Robert Pinsky: Annotating, Summarizing, Analyzing, Imitating
to annotate: to make notes on something to help you understand it better
to summarize: to put something in your own words
to analyze: to consider a question on the text, providing supporting examples from the text
to imitate: to create an original piece of writing based on something you have read

Exercise: Read and annotate
1. Read the poem out loud and underline any words you need to look up
2. Write any questions you have in the margins, the white space on the page
3. Put tricky parts into your own words in notes in the margins, the white space on the page

The Shirt by  Robert Pinsky

The back, the yoke, the yardage.  Lapped seams,
The nearly invisible stitches along the collar
Turned in a sweatshop by Koreans or Malaysians

Gossiping over tea and noodles on their break
Or talking money or politics while one fitted
This armpiece with its overseam to the band

Of cuff I button at my wrist.  The presser, the cutter,
The wringer, the mangle.  The needle, the union,
The treadle, the bobbin.  The code.  The infamous blaze

At the Triangle Factory in nineteen-eleven.
One hundred and forty-six died in the flames
On the ninth floor, no hydrants, no fire escapes—

The witness in a building across the street
Who watched how a young man helped a girl to step
Up to the windowsill, then held her out

Away from the masonry wall and let her drop.
And then another.  As if he were helping them up
To enter a streetcar, and not eternity.

A third before he dropped her put her arms
Around his neck and kissed him.  The he held
Her into space, and dropped her.  Almost at once

He stepped to the sill himself, his jacket flared
And fluttered up from his shirt as he came down,
Air filling up the legs of his gray trousers—

Like Hart Crane’s Bedlamite, “shrill shirt ballooning.”
Wonderful how the pattern matches perfectly
Across the placket and over the twin bar-tacked

Corners of both pockets, like a strict rhyme
Or a major chord.  Prints, plaids, checks,
Houndstooth, Tattersall, Madras.  The clan tartans

Invented by mill-owners inspired by the hoax of Ossian,
To control their savage Scottish workers, tamed
By a fabricated heraldry: MacGregor,

Bailey, MacMartin.  The kilt, devised for workers
To wear among the dusty clattering looms.
Weavers, carders, spinners.  The loader,

The docker, the navvy.  The planter, the picker, the sorter
Sweating at her machine in a litter of cotton
As slaves in calico headrags sweated in fields:

George Herbert, your descendant is a Black
Lady in South Carolina, her name is Irma
And she inspected my shirt.  Its color and fit

And feel and its clean smell have satisfied
Both her and me.  We have culled its cost and quality
Down to the buttons of simulated bone,

The buttonholes, the sizing, the facing, the characters
Printed in black on neckband and tail.  The shape,
The label, the labor, the color, the shade.  The shirt.

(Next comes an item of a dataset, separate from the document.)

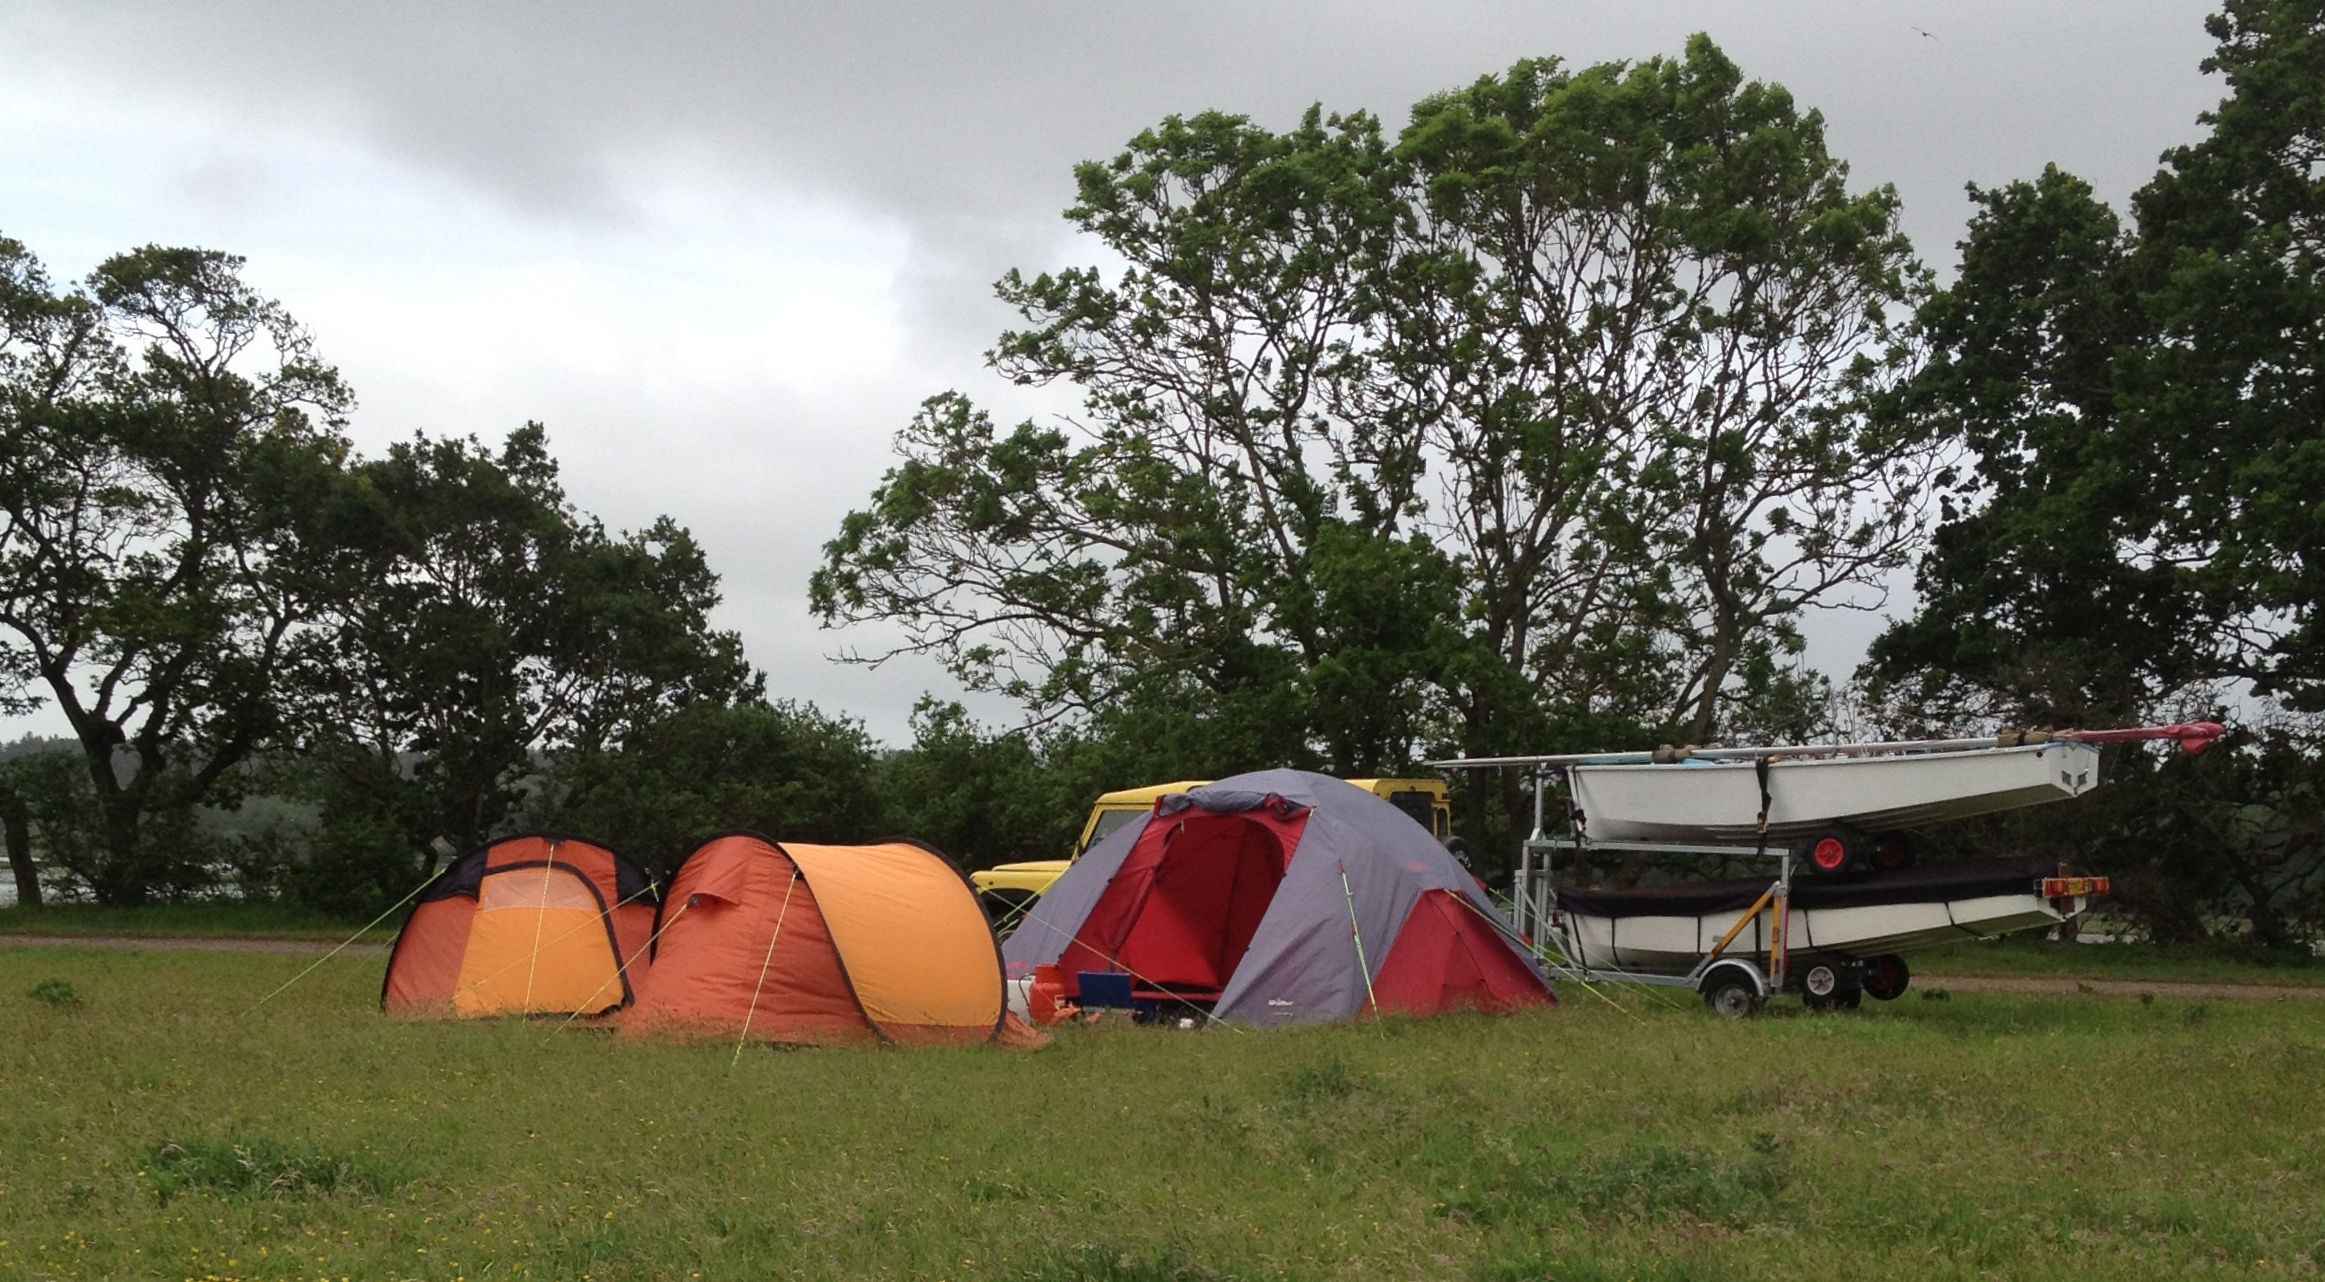 Camping at Poole

Exercise: Summarize the poem
Write a paragraph summarizing the poem with quotations, in-text citation, and a Work Cited Page

Work Cited Page
Pinsky, Robert. "The Shirt" The New Yorker. June 5, 1989

Exercise: Analysis
Question for analysis: How does Pinsky see all of these things--Irma, the fire, the kilt, the sweatshop-- related to the shirt he is wearing? 

Exercise: Imitation
Write your own poem on an everyday object and its history.